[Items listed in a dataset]
************

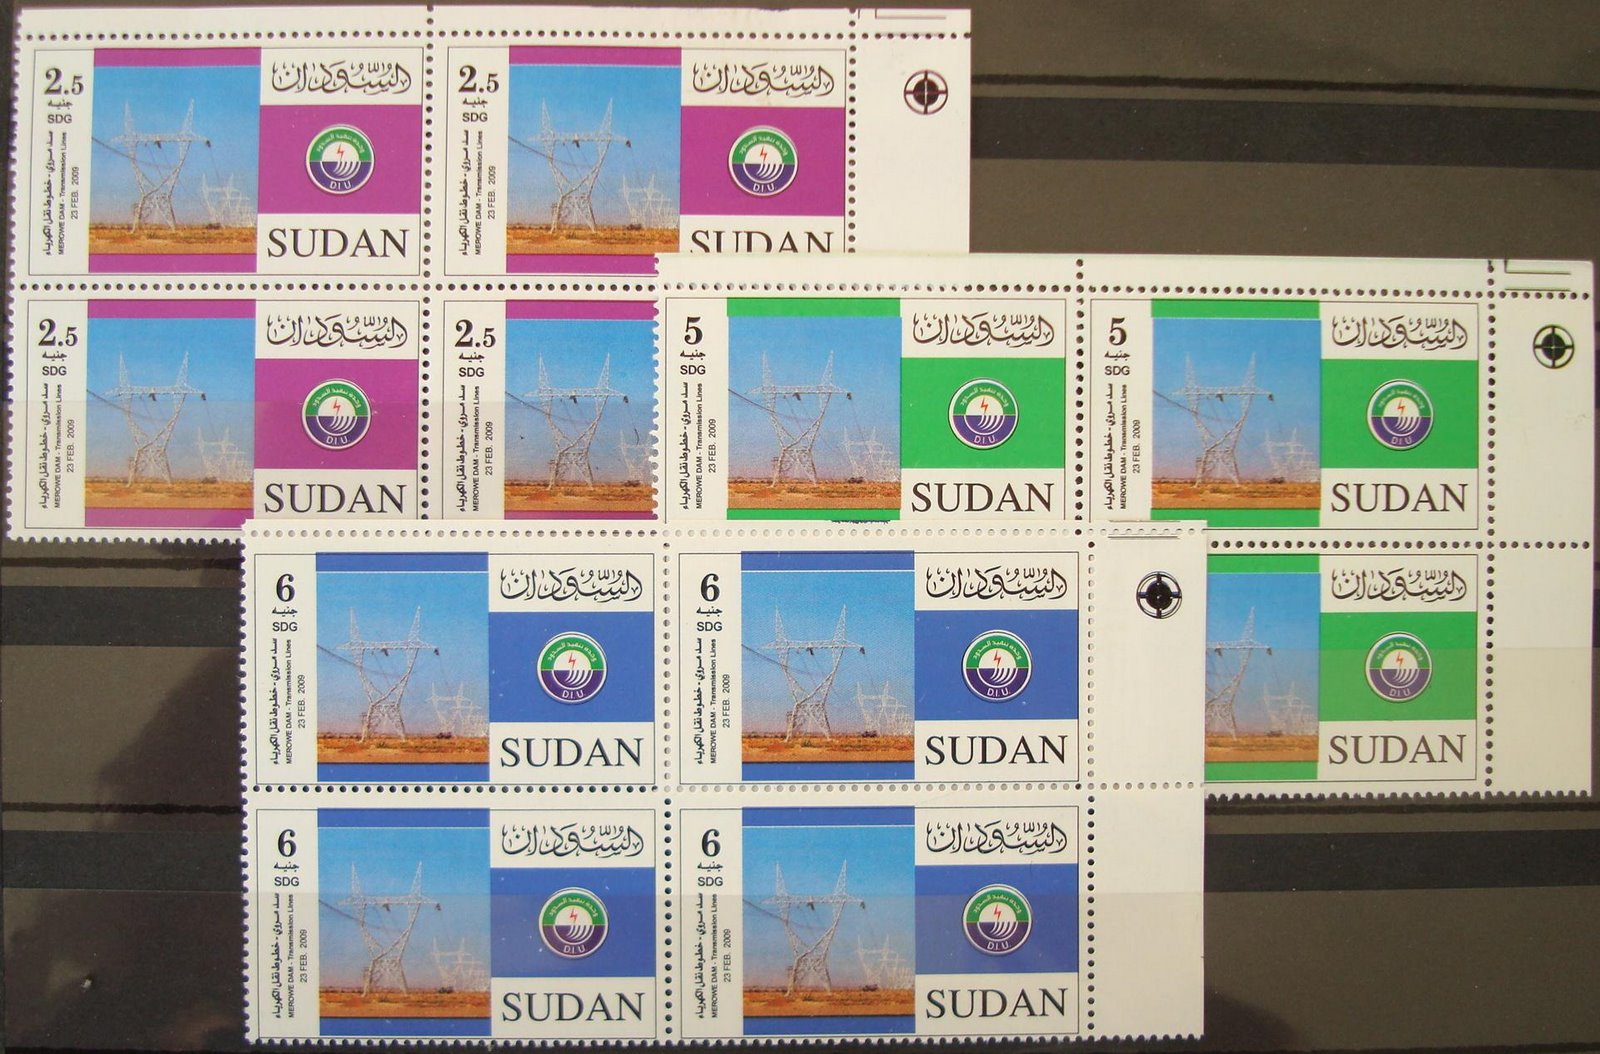 [Sudan+May+2009.JPG]
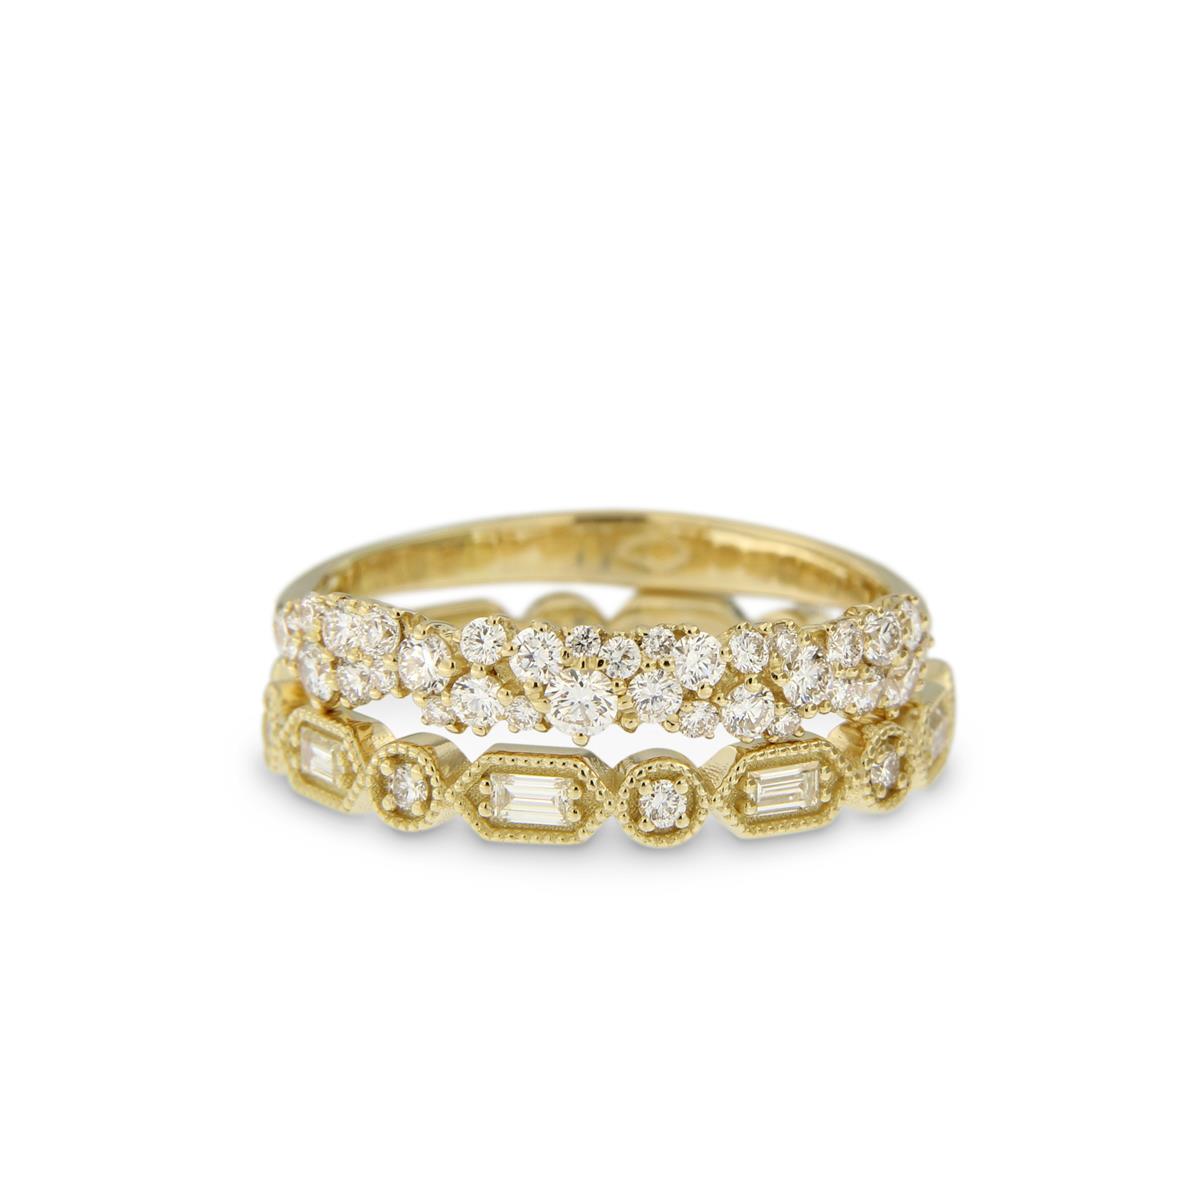 Katie g. Jewellery - Massgefertigte Ringe mit brillanten und Baguette Diamanten aus 14kt. Champagnergold
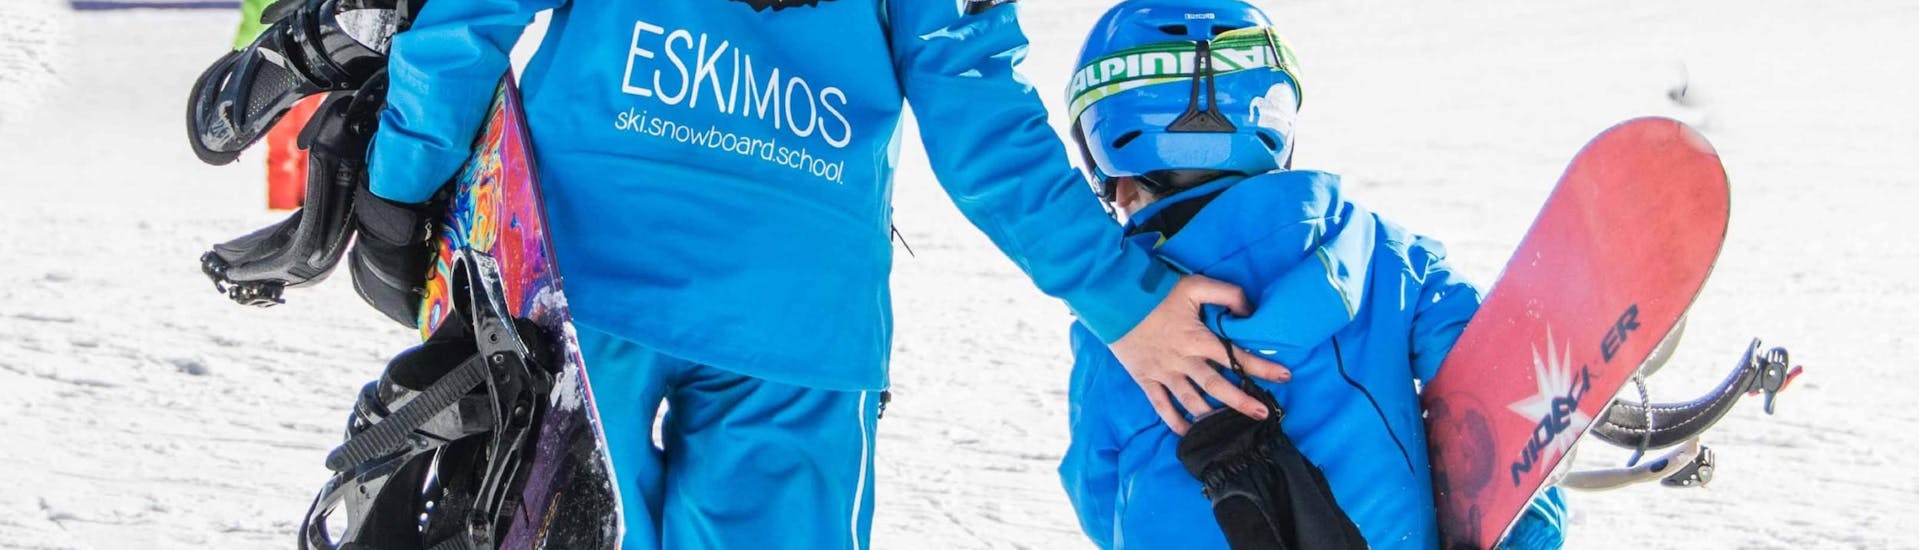 Ontdekkingssnowboardlessen (vanaf 6 jaar) voor beginners met Ski School ESKIMOS Saas-Fee.
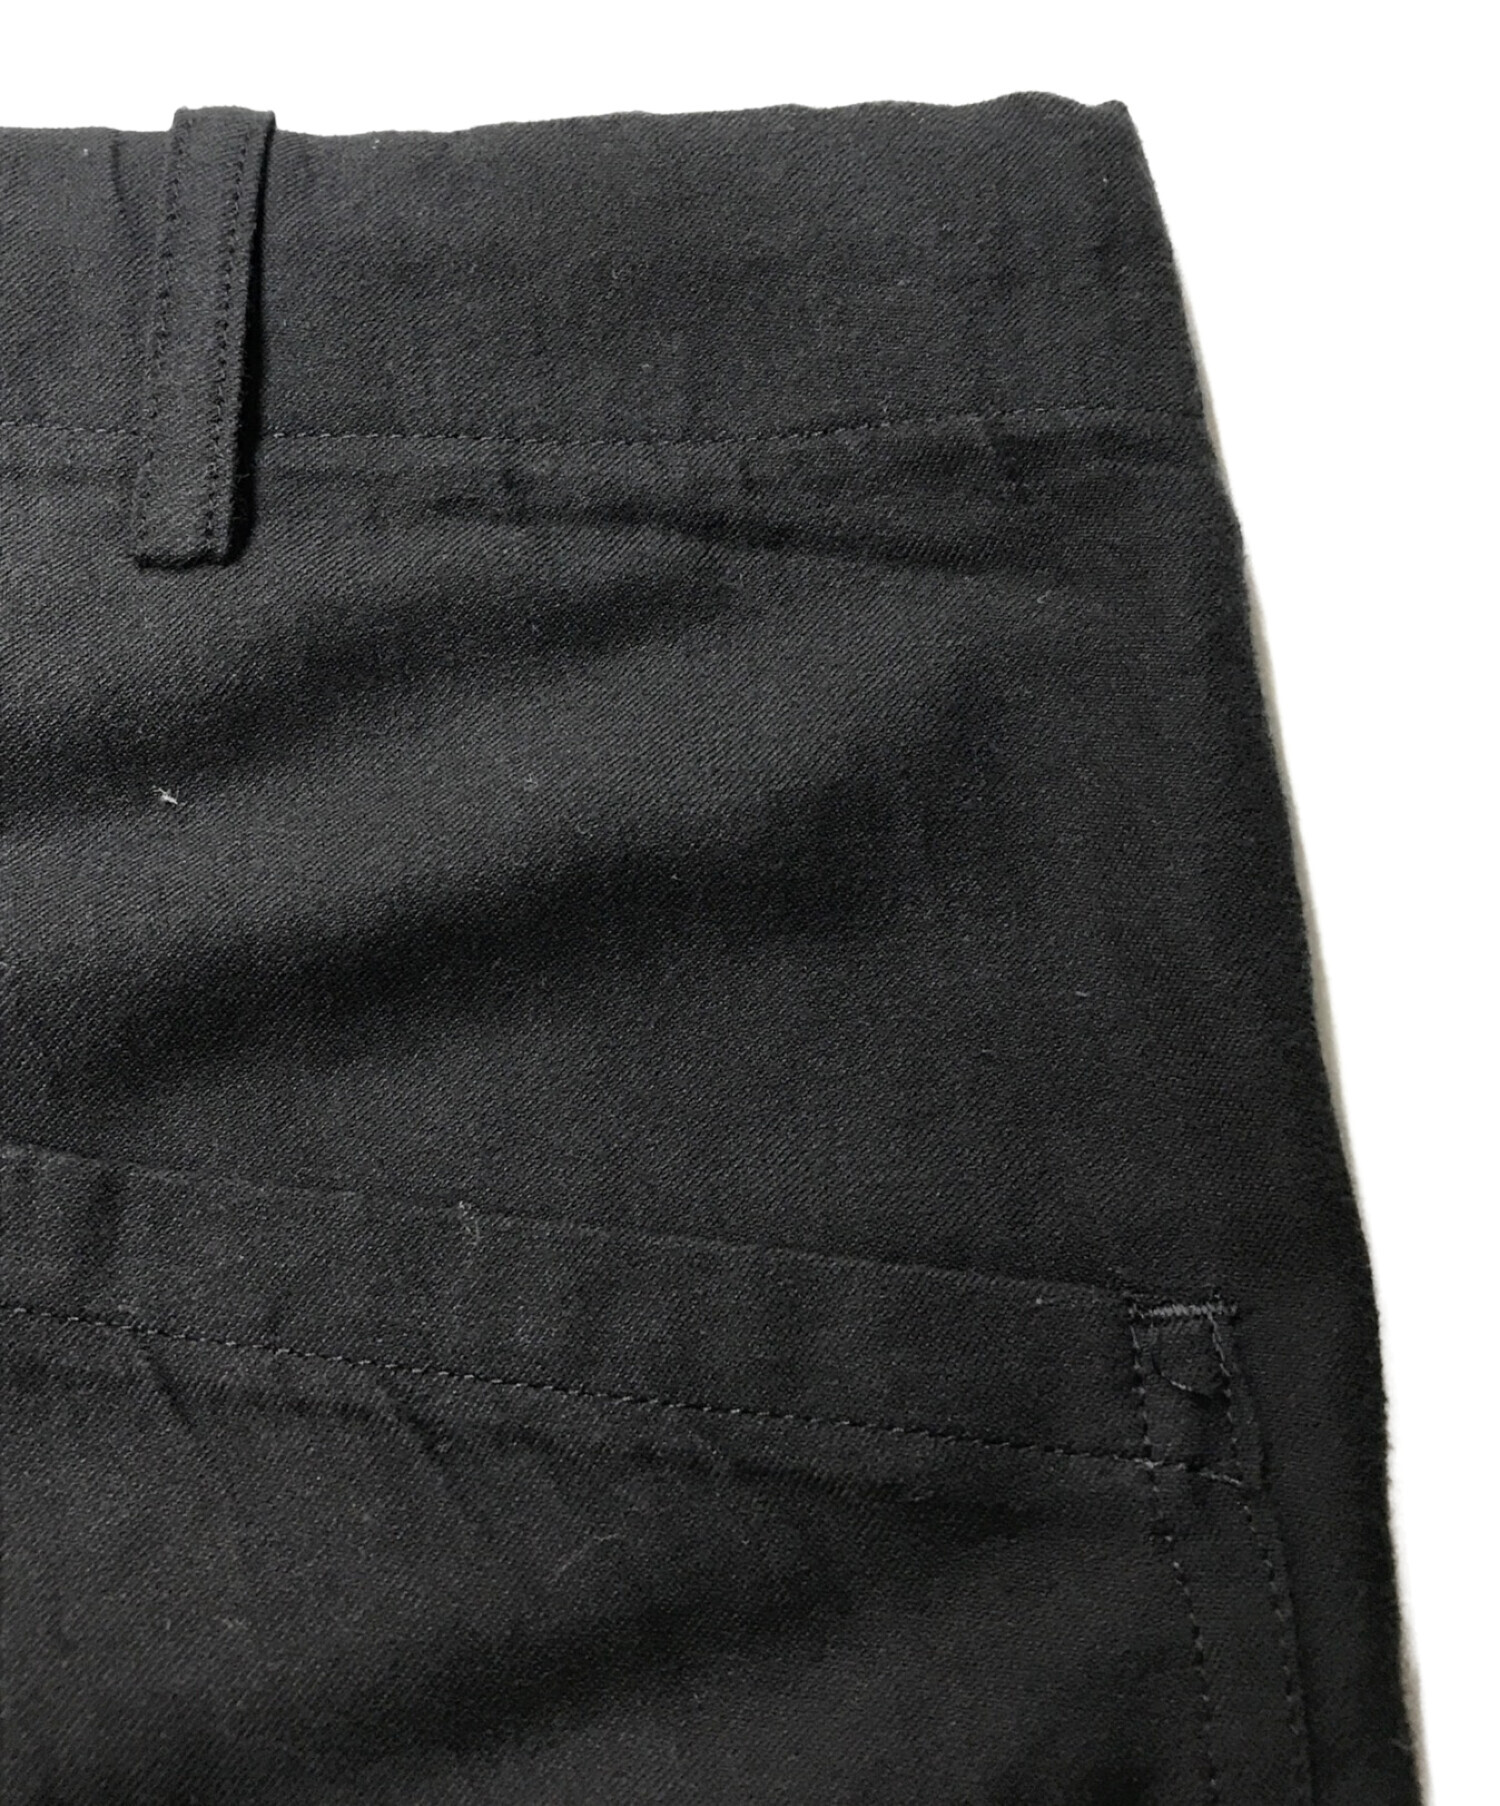 Yohji Yamamoto pour homme (ヨウジヤマモトプールオム) フロントポケットパンツ ブラック サイズ:3
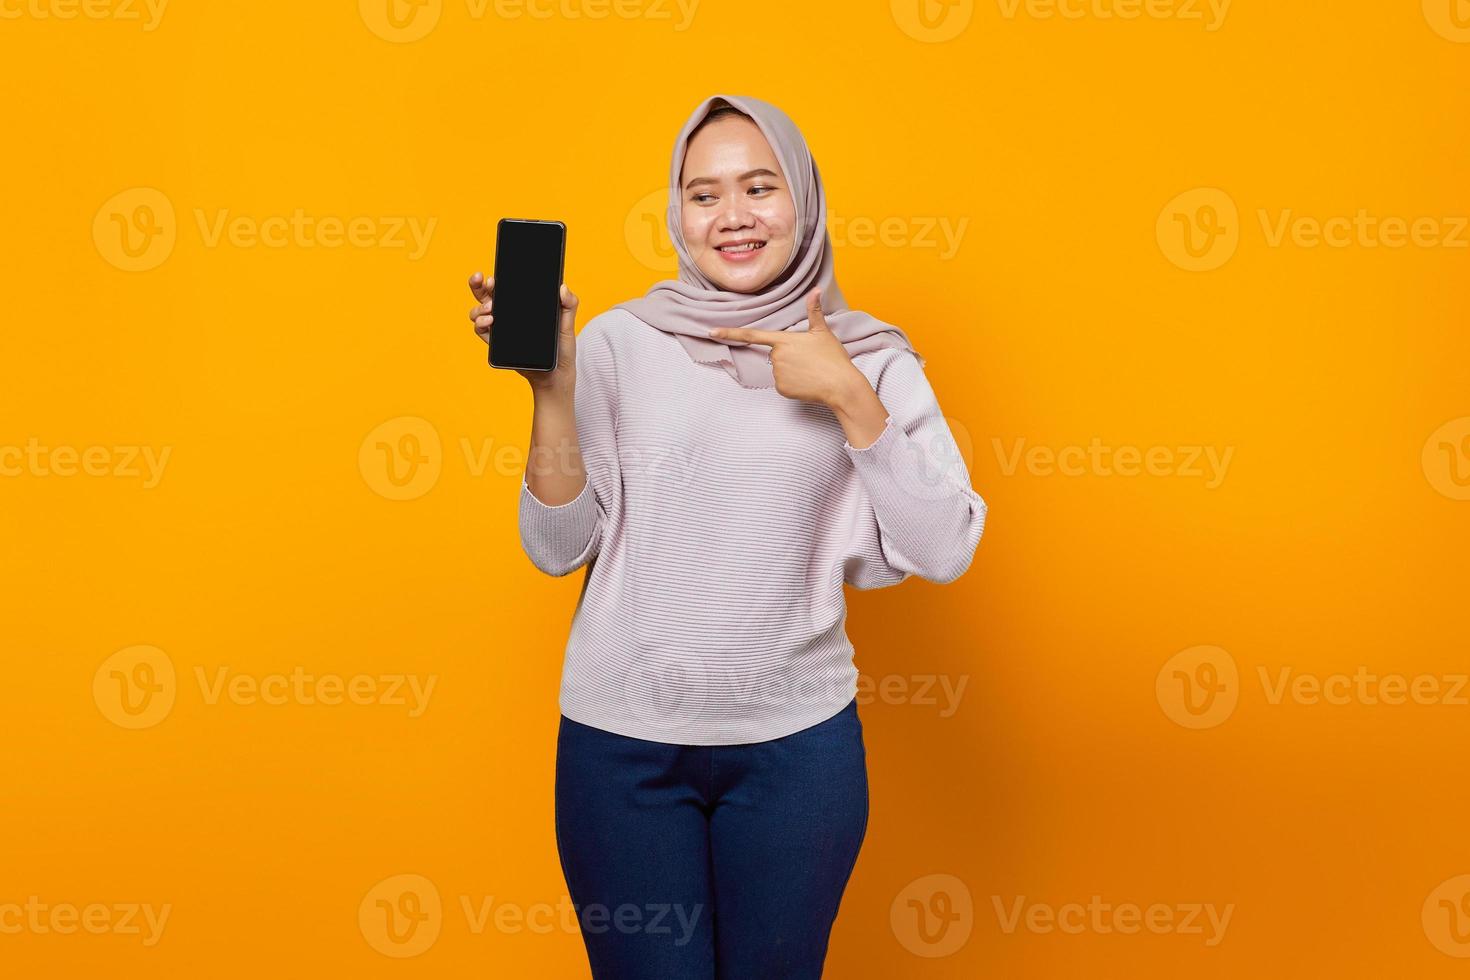 mulher asiática jovem e alegre mostrando a tela em branco do smartphone isolada sobre fundo amarelo foto

************

Work instruction:
Please repeat every record above exactly, but leave out the pictures.

Answer area:
 [Sudan+May+2009.JPG]
 Katie g. Jewellery - Massgefertigte Ringe mit brillanten und Baguette Diamanten aus 14kt. Champagnergold
 Ontdekkingssnowboardlessen (vanaf 6 jaar) voor beginners met Ski School ESKIMOS Saas-Fee.
 Yohji Yamamoto pour homme (ヨウジヤマモトプールオム) フロントポケットパンツ ブラック サイズ:3
 mulher asiática jovem e alegre mostrando a tela em branco do smartphone isolada sobre fundo amarelo foto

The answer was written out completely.